The HUPO-PSI Quality Control Working Group
I was really proud of the Quality Control Working Group. I assigned us all a bit of homework for this meeting. Three committee members create tools that generate quality metrics; all of us were assigned the task of creating a mock-up of the qcML we thought our software should produce. One of us produced a database for storage of quality metrics; he was tasked to demonstrate what a qcML holding an analysis of these metrics should look like. As a result, this meeting was far more concrete about what we need to do to finalize this format. In particular, we grappled with the challenges of embedding information in JSON format within an XML wrapper. Our consideration of complex data structures for particular metrics, such as three-dimensional matrices, is now much more applied in nature.

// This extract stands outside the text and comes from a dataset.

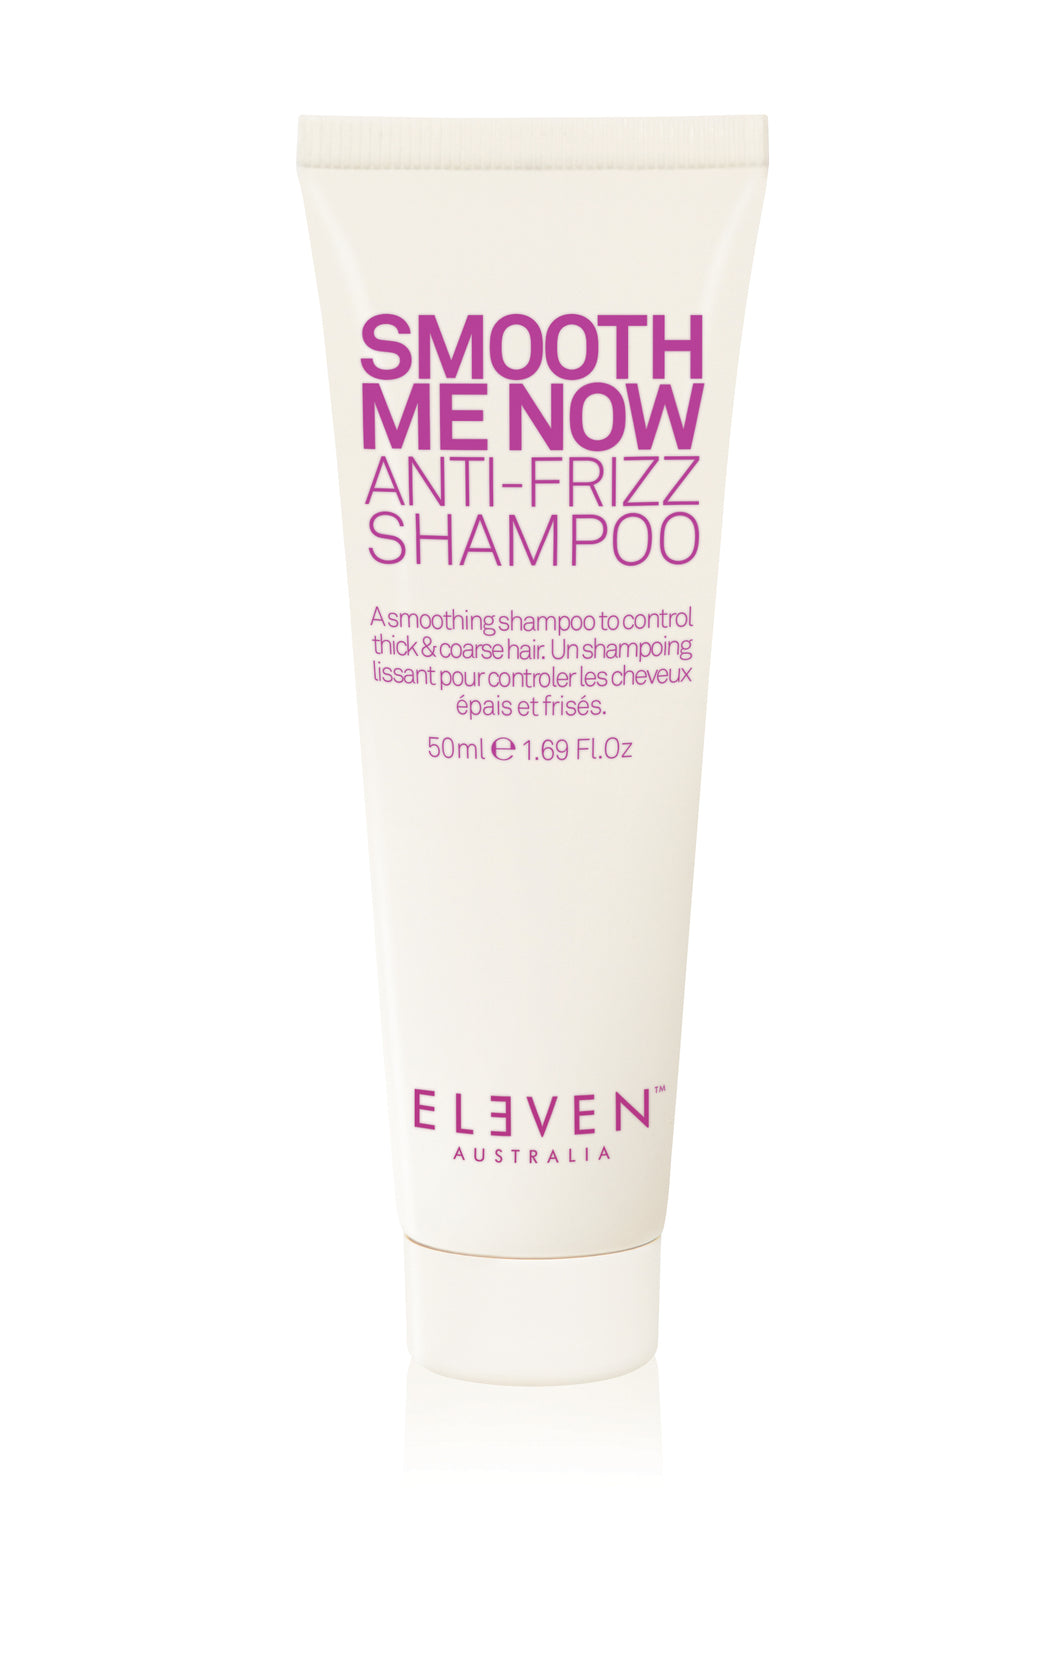 Smooth Me Now Anti-Frizz Shampoo 50ml

The field of proteomics needs to improve its ability to communicate issues of quality control. There’s a perception of irreproducibility that hangs over the field. While there is some basis in reality for these reproducibility claims, a fair bit of the problem is that researchers shy away from discussing quality issues in their papers. A Ph.D. student in Shanghai has been heading the Quality Control Working Group recommendations for “MIAPE-QC:” the Minimal Information About a Proteomics Experiment for Quality Control. I was sad that she could not attend the meeting due to grad school requirements, but a colleague of hers from Beijing presented the current state of the MIAPE-QC document. We had a really good conversation about it, but I think our recommendations were a bit garbled on their way back to her; she was discouraged by our feedback and felt we were arguing for her to start over. We’re working to clear up the confusion. We will support her valuable efforts in educating our community.
Next stop: Cape Town?
As the meeting drew to a close, I put on my presenter hat one last time. It was time to state my case for hosting the next HUPO-PSI at Cape Town! Several different sites are bidding to host: Adelaide, Tokyo, San Diego, and Cape Town are all in the mix. I started by taking the bull by the horns. Cape Town may seem very far away, but it is actually in the same time zone as Heidelberg! Flying from New York City is pretty rough, though, with a flight time of almost 15 hours. My friend Eric Deutsch would have one of the worst routes since he is coming from Seattle. Still, South Africa is seeing good growth in mass spectrometry, and we would love to see more of its laboratories corresponding with HUPO-PSI. I highlighted some of the lovely attractions and hosting sites that we might visit as a group. Hopefully, the steering committee will see its way to Cape Town in the near future!